§ **DATA RECORDS**

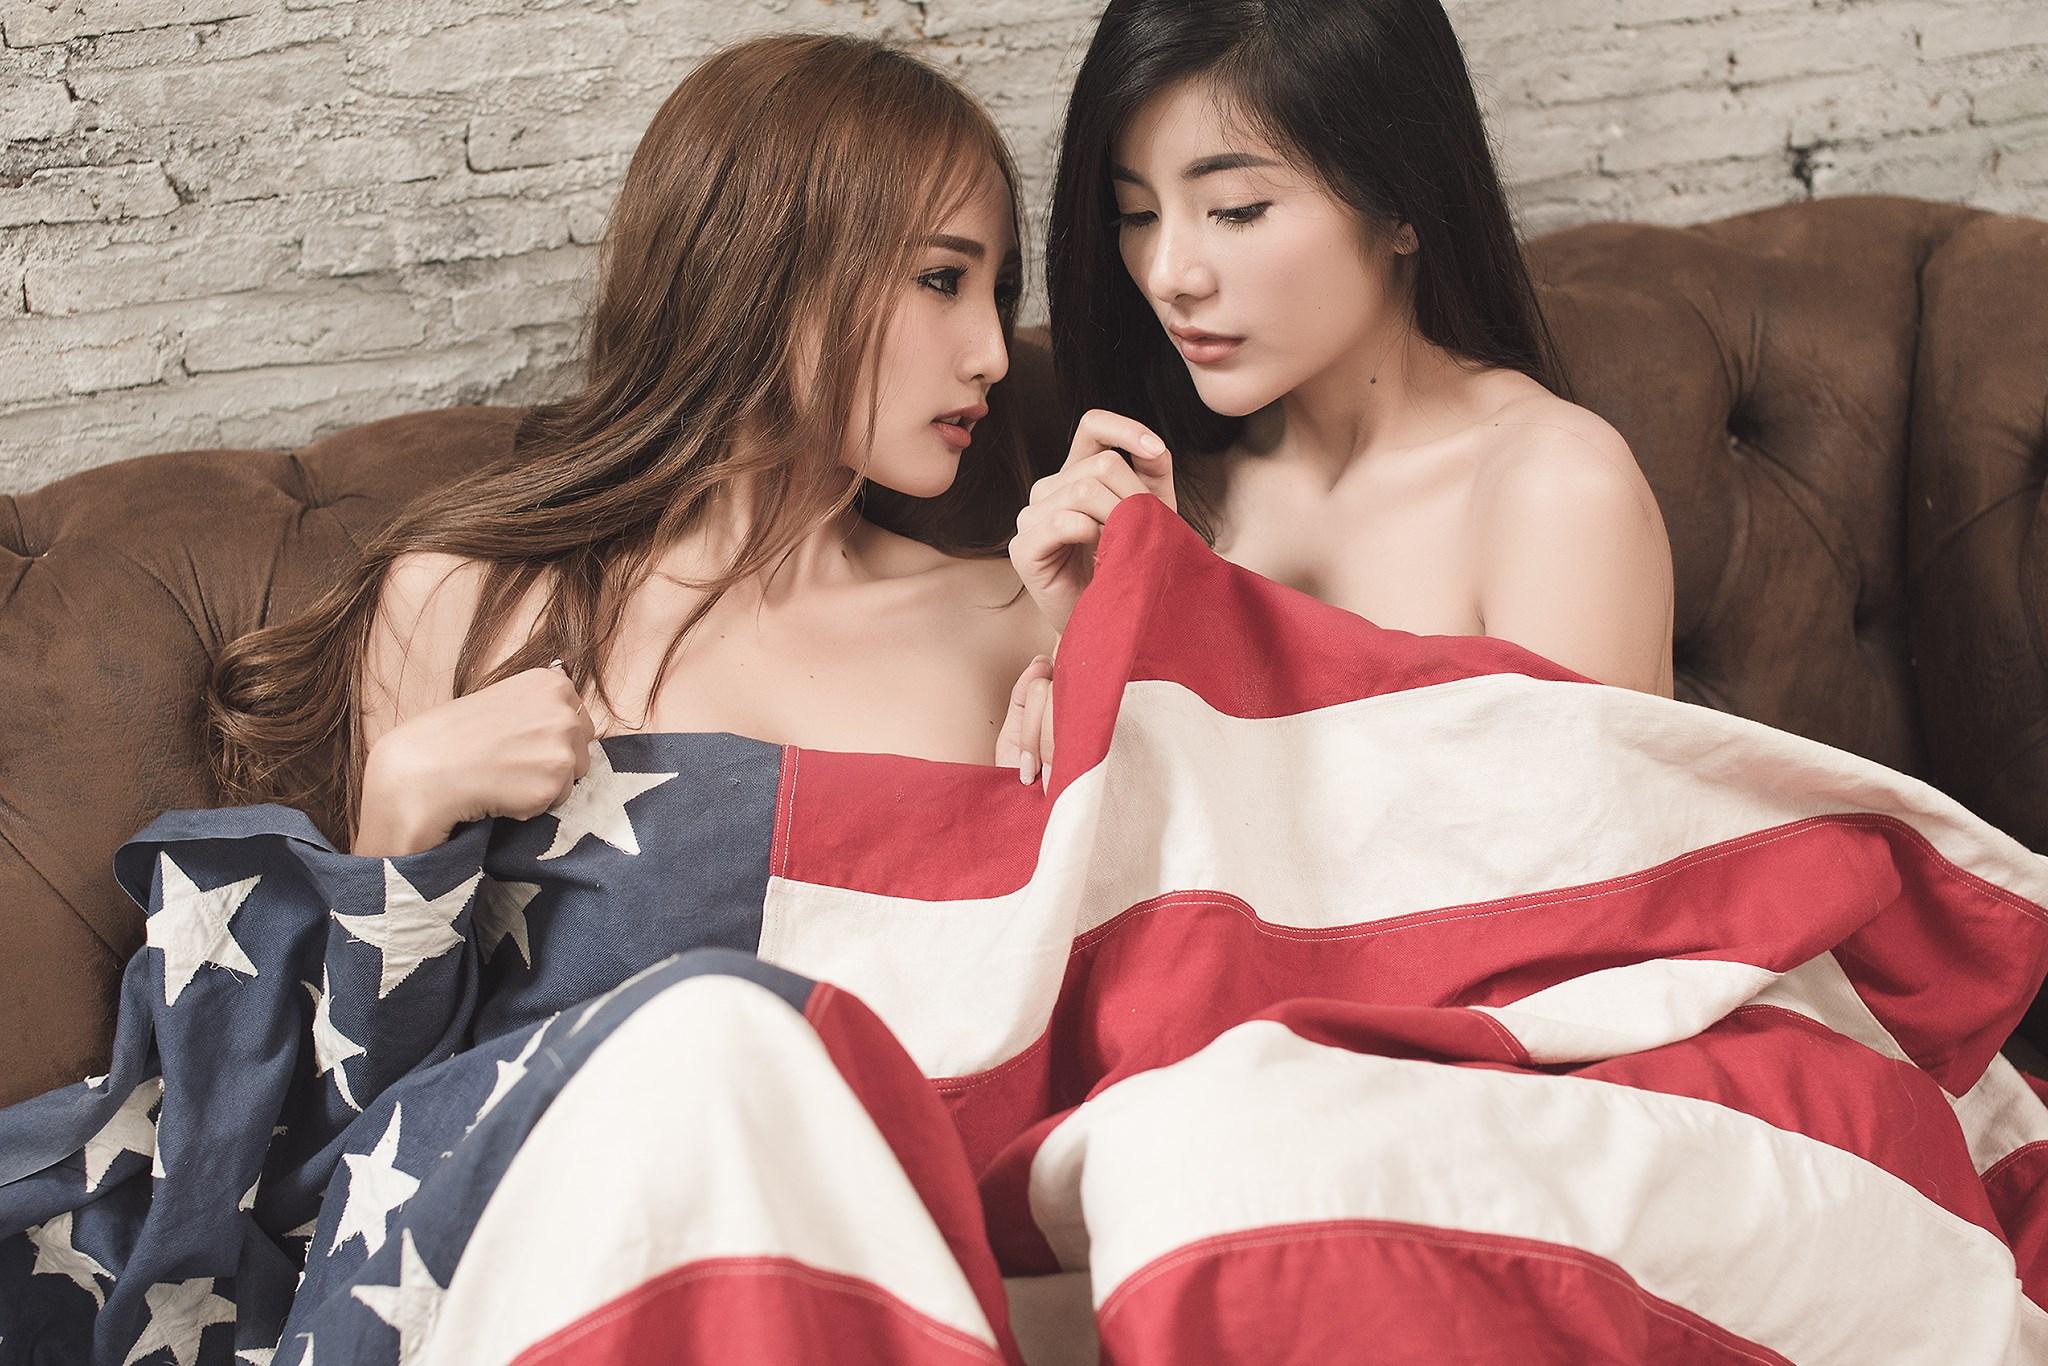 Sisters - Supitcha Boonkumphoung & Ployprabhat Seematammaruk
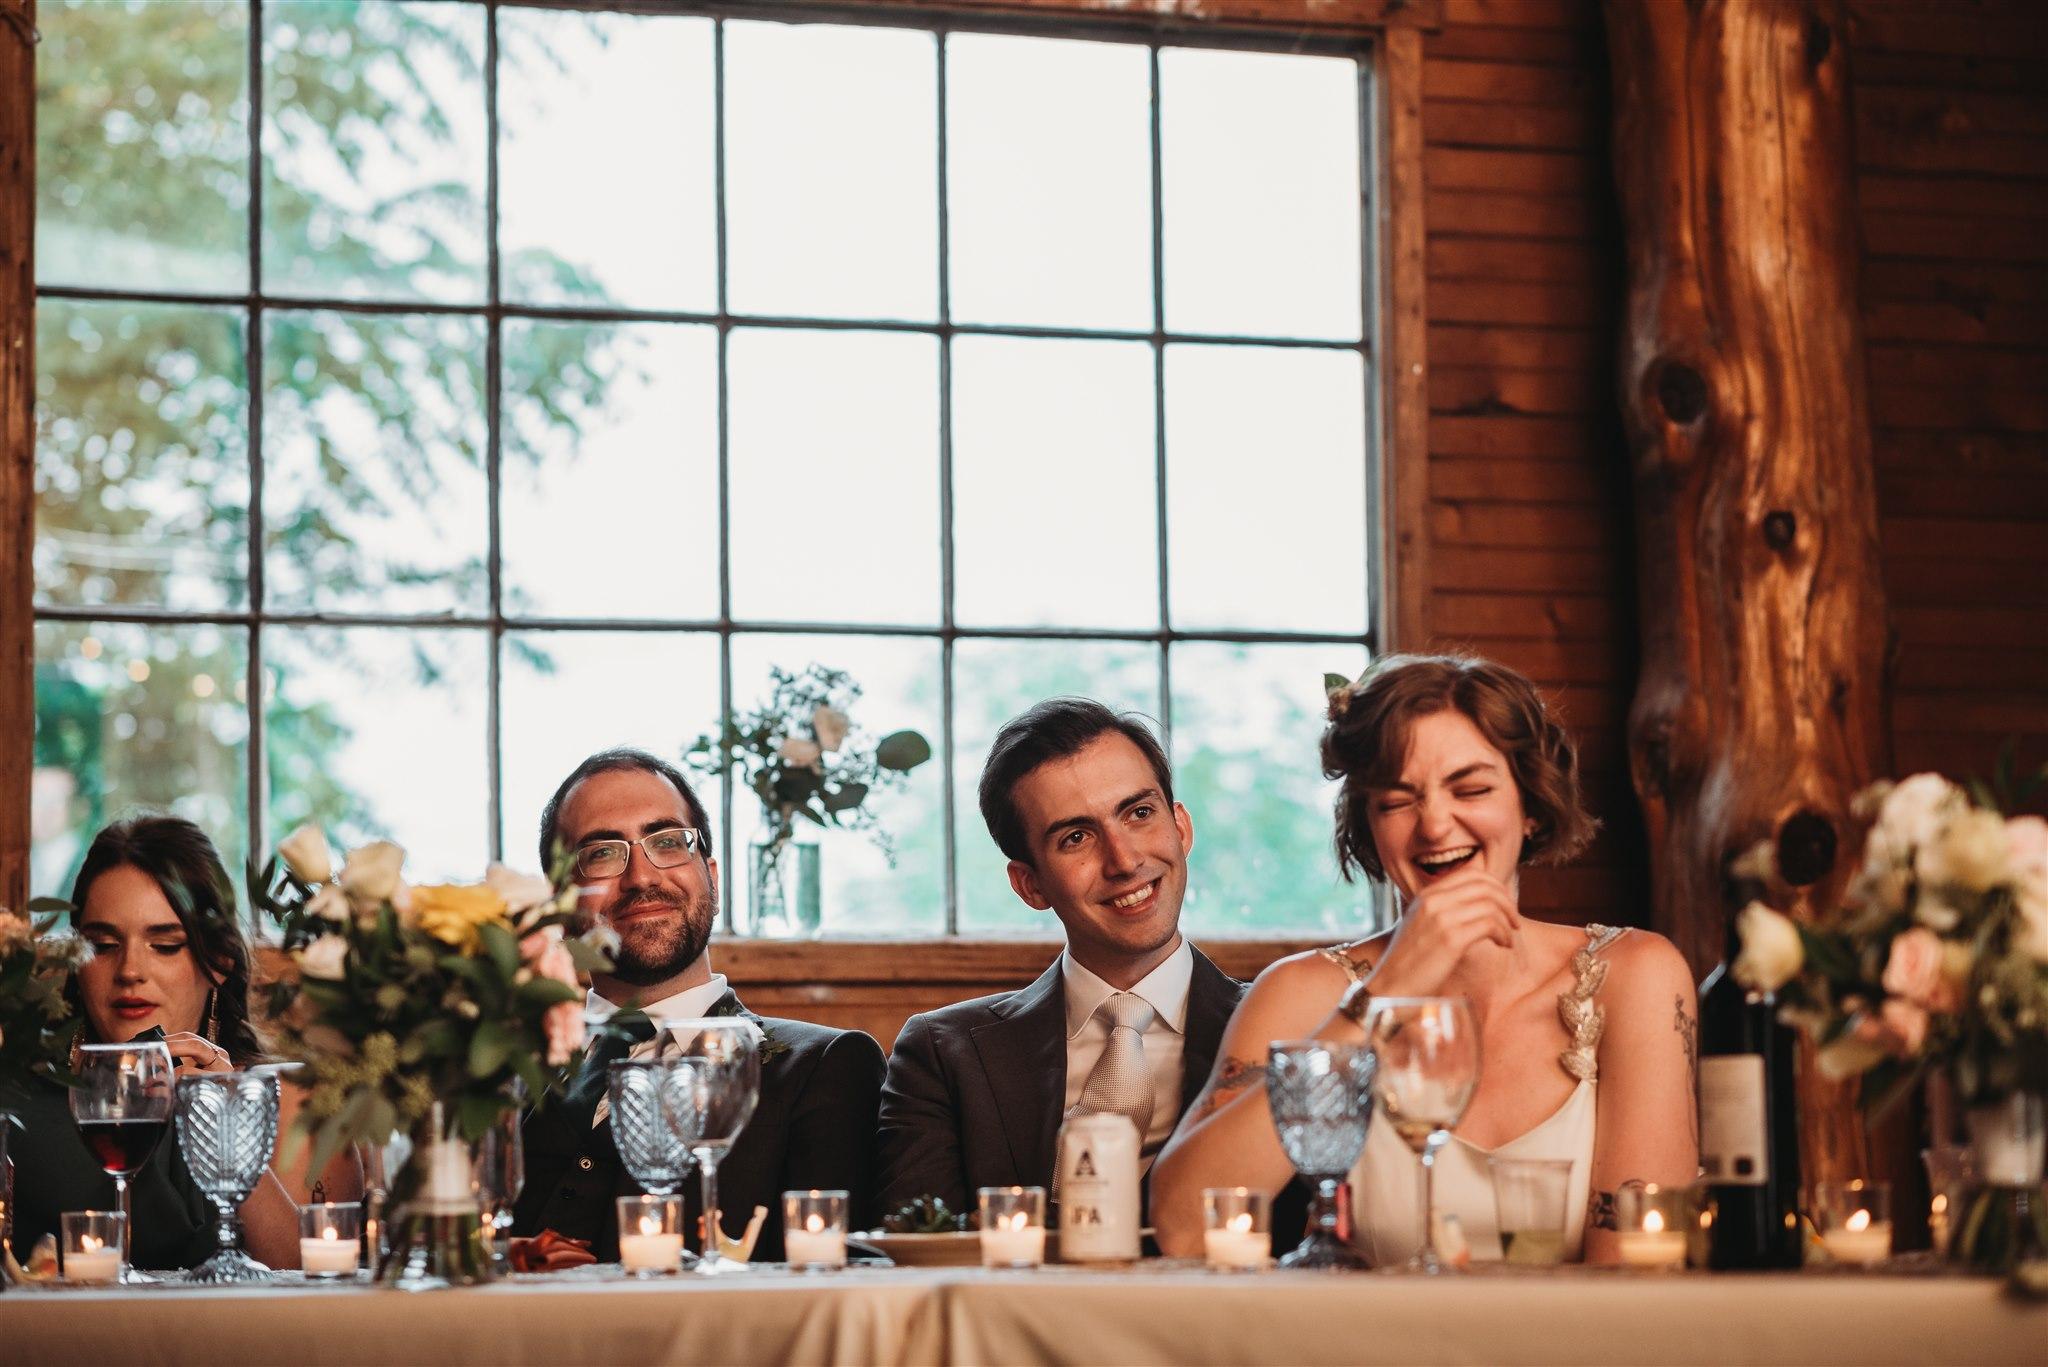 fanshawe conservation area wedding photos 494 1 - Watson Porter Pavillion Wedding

---

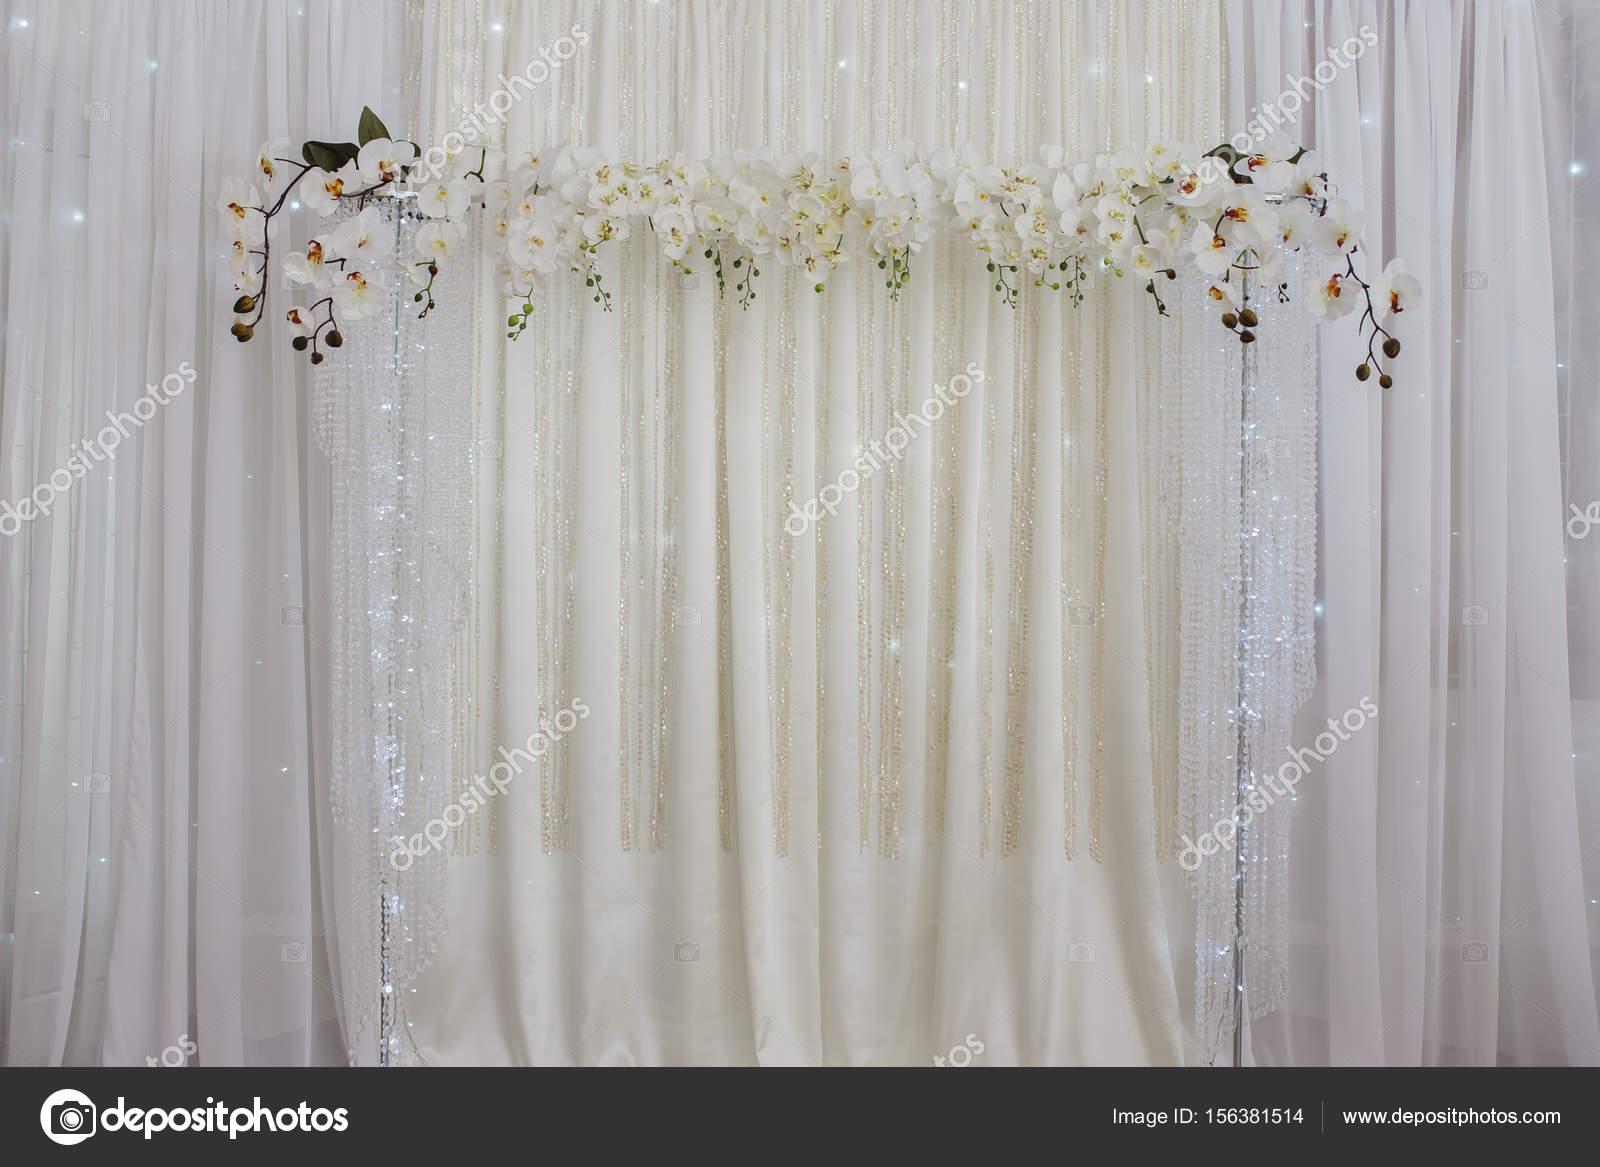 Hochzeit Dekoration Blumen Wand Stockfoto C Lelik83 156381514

§ **YOUR GOAL**
Write out word for word the lines of the listing above from the line with "Sisters - Supitcha" to the line with "fanshawe conservation area", taking in both of those lines but no pictures.

§ **TASK RESPONSE**
 Sisters - Supitcha Boonkumphoung & Ployprabhat Seematammaruk
 fanshawe conservation area wedding photos 494 1 - Watson Porter Pavillion Wedding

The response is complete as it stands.